Before construction began, Abuela Blancanieves, a representative of Suba’s Muisca Council and a member of the collective, held a wetland payment ceremony, asking permission from the country to encroach on the wetland. After the ceremony, the members of the collective began to mow and remove from the plot the African grass (Cynodon plectostachyus) that was brought to the savannah for cattle feeding. Professor Rodríguez recalls that after mowing the grass, they “heard a very faint sound, like the earth was talking,” she recalls. And suddenly water started gushing out of the ground.
This area of the Bogotá savannah has a very high water table, which means that the water table of the aquifer is very close to the surface (on the land where the ridges are built, it is between 60 and 70 centimeters). The water continued to pour out of the ground for almost two hours. About 30 people worked that day. Some cried with emotion, others said, “The savannah is alive” and “we are water,” Steiner recalls, adding that the moment was “like magic.”
Guido Caicedo is one of the gardeners at the Bogotá Botanical Garden who participated in the construction of the ridges and says that this type of planting is “an art”. After taking the measurements, they dug up dirt to form the four-foot-wide trenches that they later used to build the ridges. Caicedo says it’s like putting a raised platform “in the middle of a pool.”
The collective built six mounds on which to plant corn, arracacha, French beans, lupins and tobacco. Everything has grown successfully and with very little supervision, also thanks to the fact that the plants on the hill are irrigated thanks to the ditches and canals. The system is closed, meaning it is not connected to the wetland or any water source, so there are still no captain fish. The shape of the ridges “emerges from the study of old aerial photographs,” says architect Bermúdez, who has been working on the hydrological and territorial planning of the savannah since 2016. These photos, taken in the 1950s, provide evidence of the extent and location of the savannah of the Muisca ridges in the Sabana de Bogotá.
Two gardeners building the ditches and ridges in the Van Der Hammen nature reserve. Guido Caicedo
Previously, the Botanical Garden had attempted to plant native trees in this area, but these could not survive due to the country’s constant flooding. However, once the technique used by pre-Hispanic groups was adopted, the plants could grow with ease. For this reason, Rodríguez is convinced that this technique can offer specific solutions in certain areas of the Cundiboyacense highlands.
The conditions of the savanna have changed radically in the last 500 years, making it no longer possible to build hill ranges for large-scale agriculture, as was the case in Bolivia. Aquifers have receded due to overexploitation and the Bogotá River and its tributaries are contaminated and “completely controlled by cement corridors that do not allow them to go beyond the limits we have imposed,” says Rodríguez. Without controlled flooding, the medians cannot function.

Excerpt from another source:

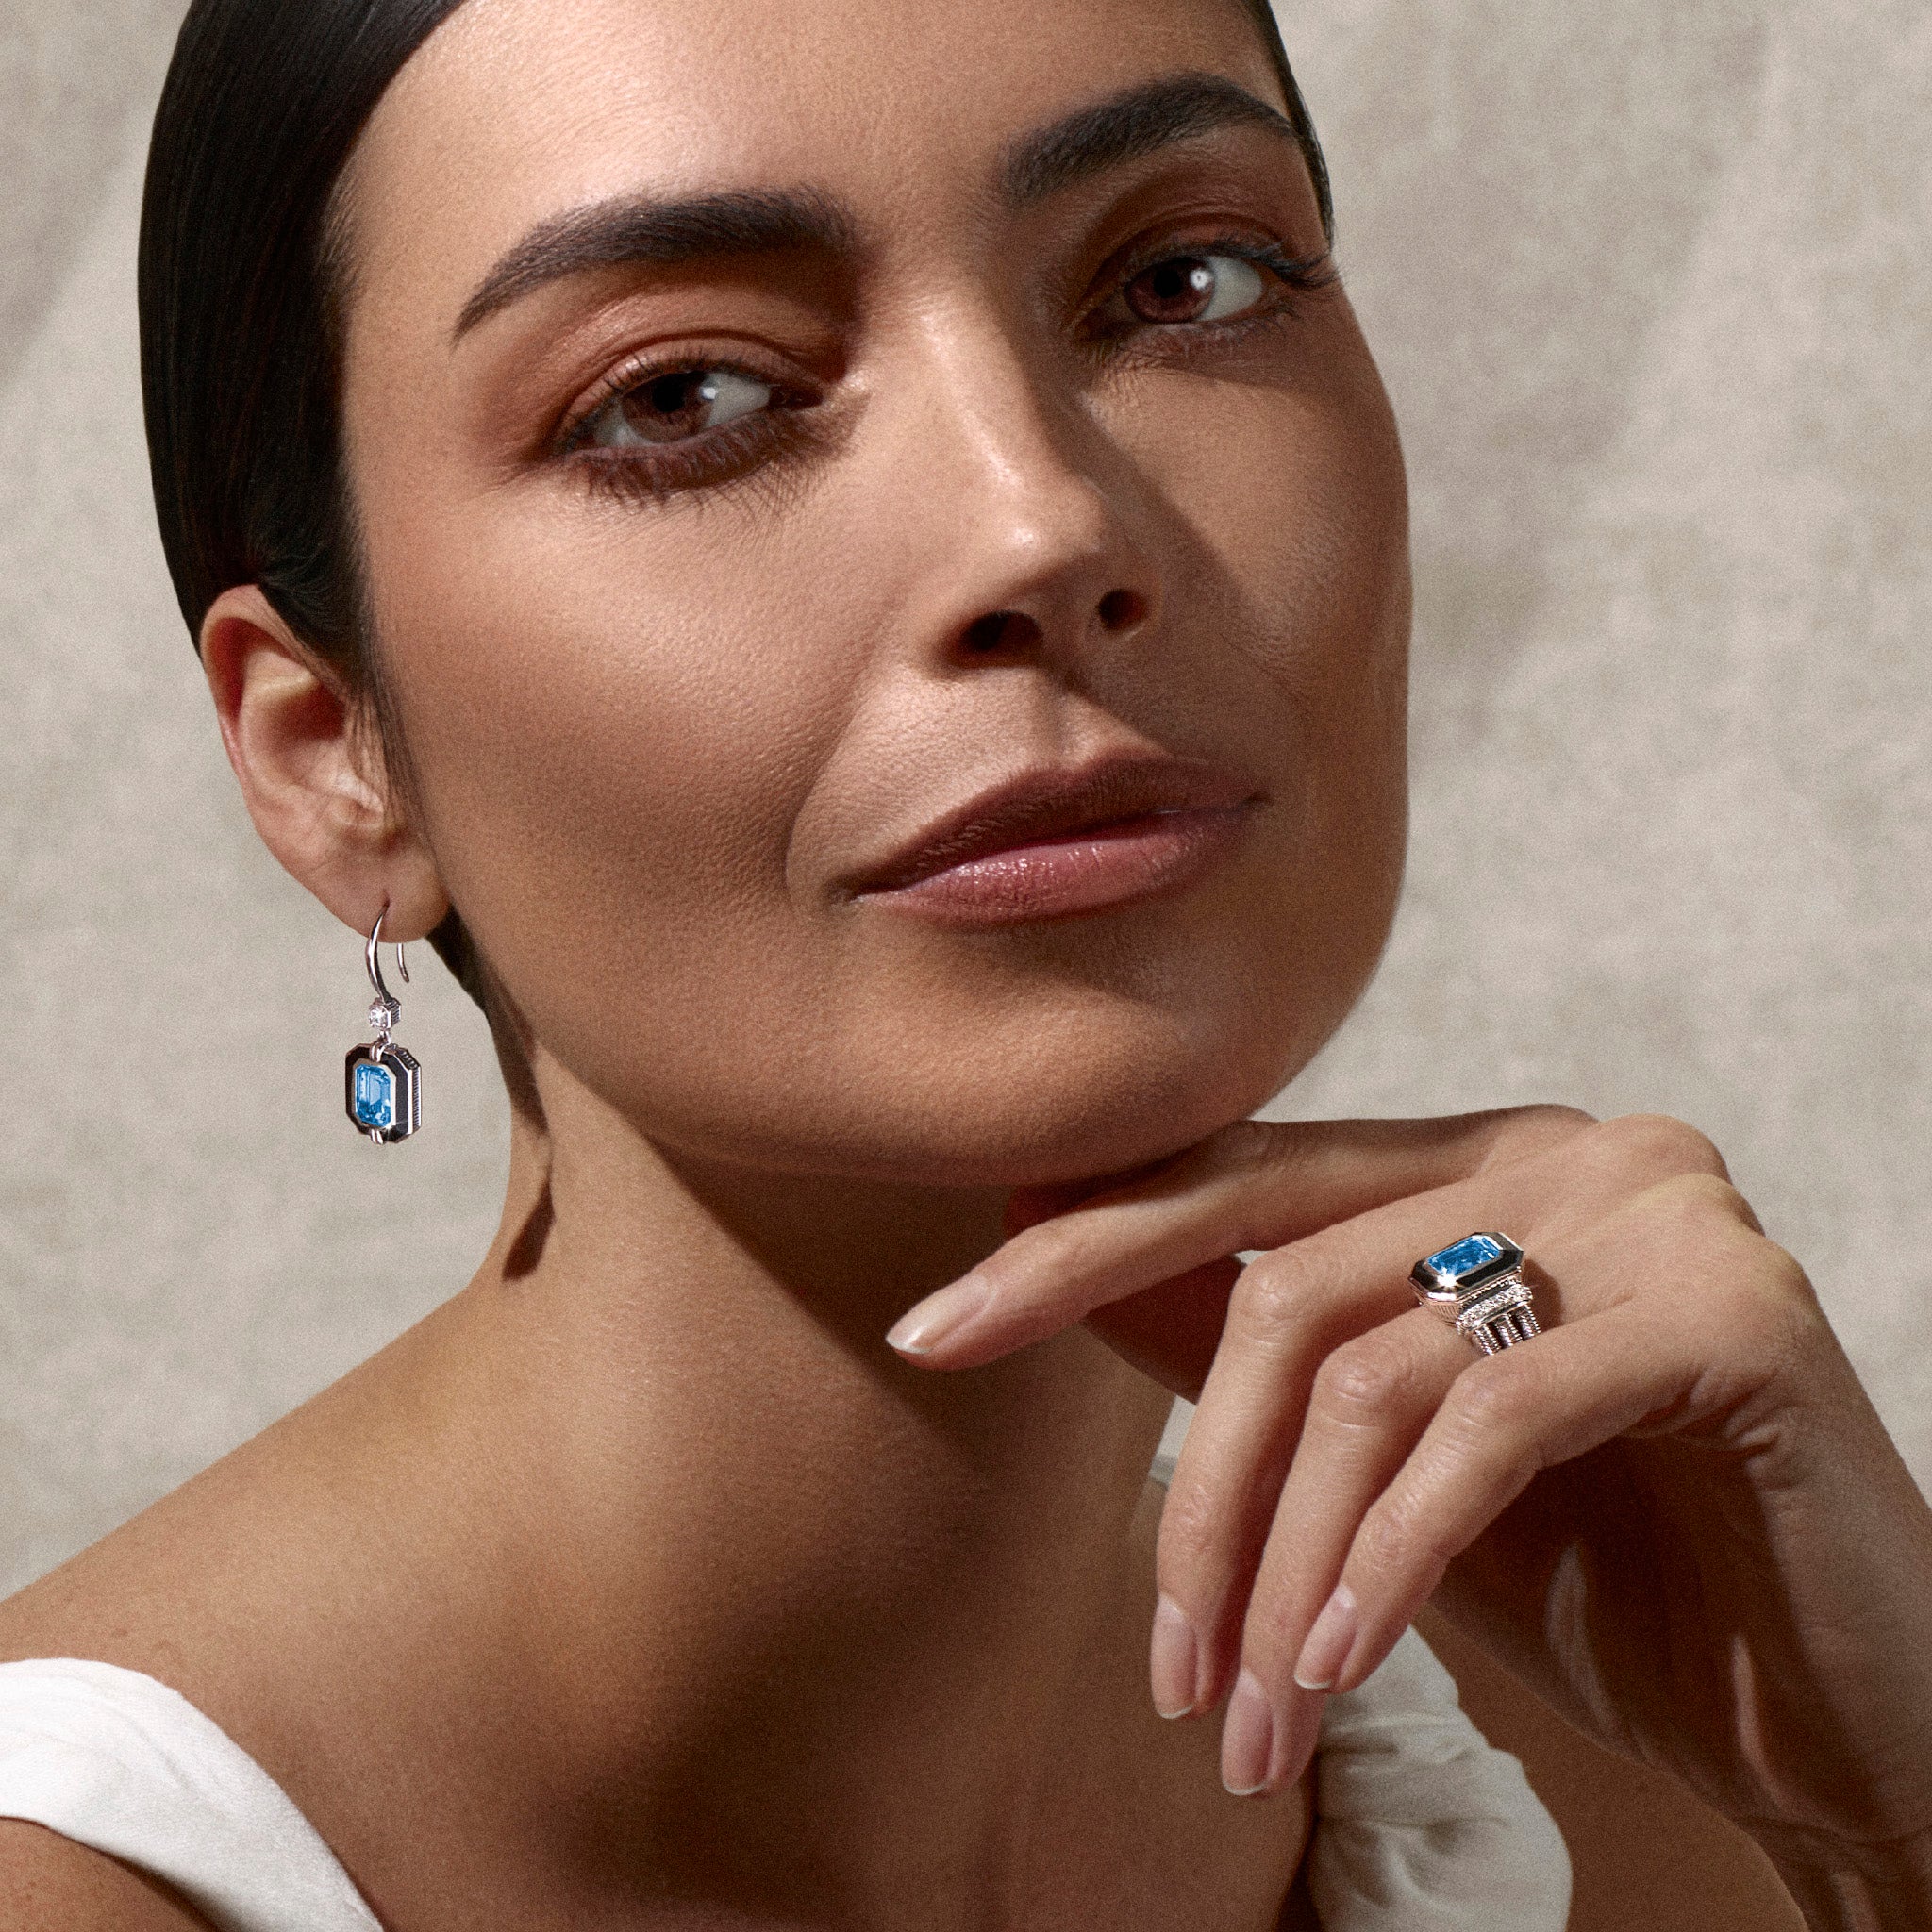 Adrienne Drop Earrings with Enamel, Swiss Blue Topaz and Diamonds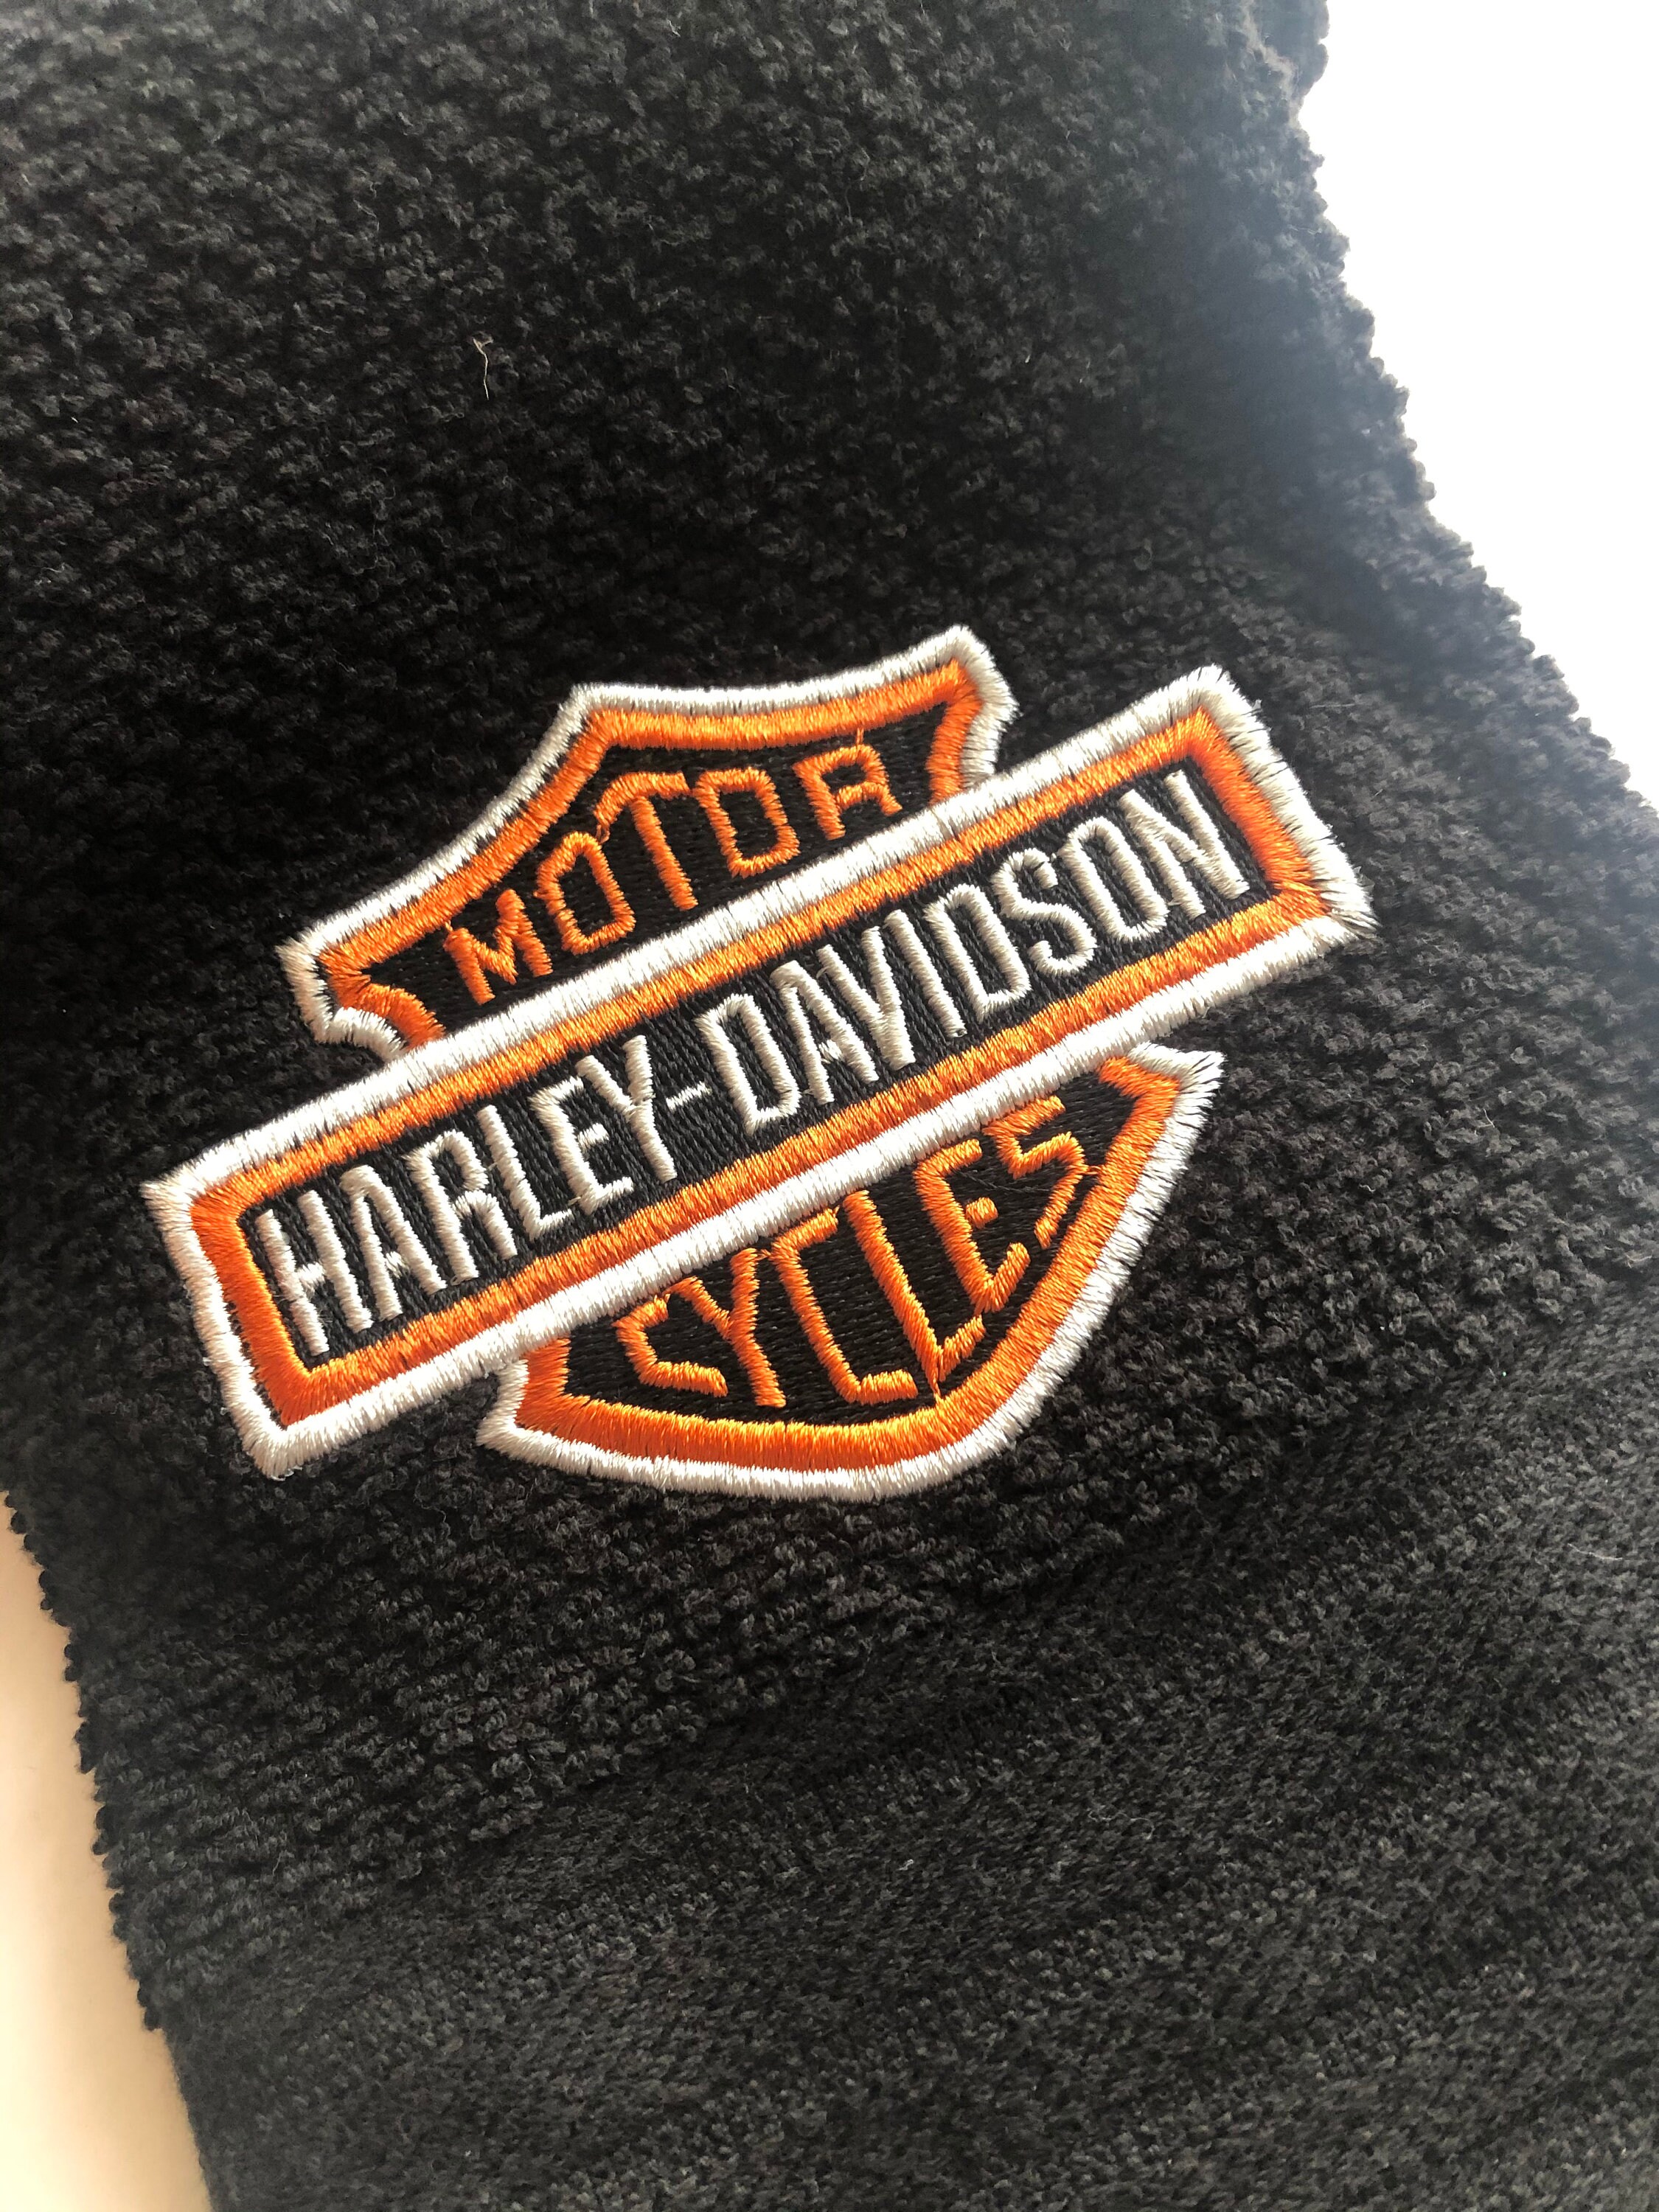 Harley Davidson Logo embroidered towel | Etsy

The future of the ridges in the Van Der Hammen Reserve depends on the Botanical Garden. Steiner hopes this space can become a living classroom where students can learn and interact with the pre-Hispanic past, using pre-Columbian technology as inspiration for the present and future of the savannah. At the very least, the curator hopes that Bogotá residents will stop “turning their backs on the Bogotá River.” And maybe in the not too distant future, it’s possible that the captain’s fish will return to the rivers and to the Sabana de Bogotá.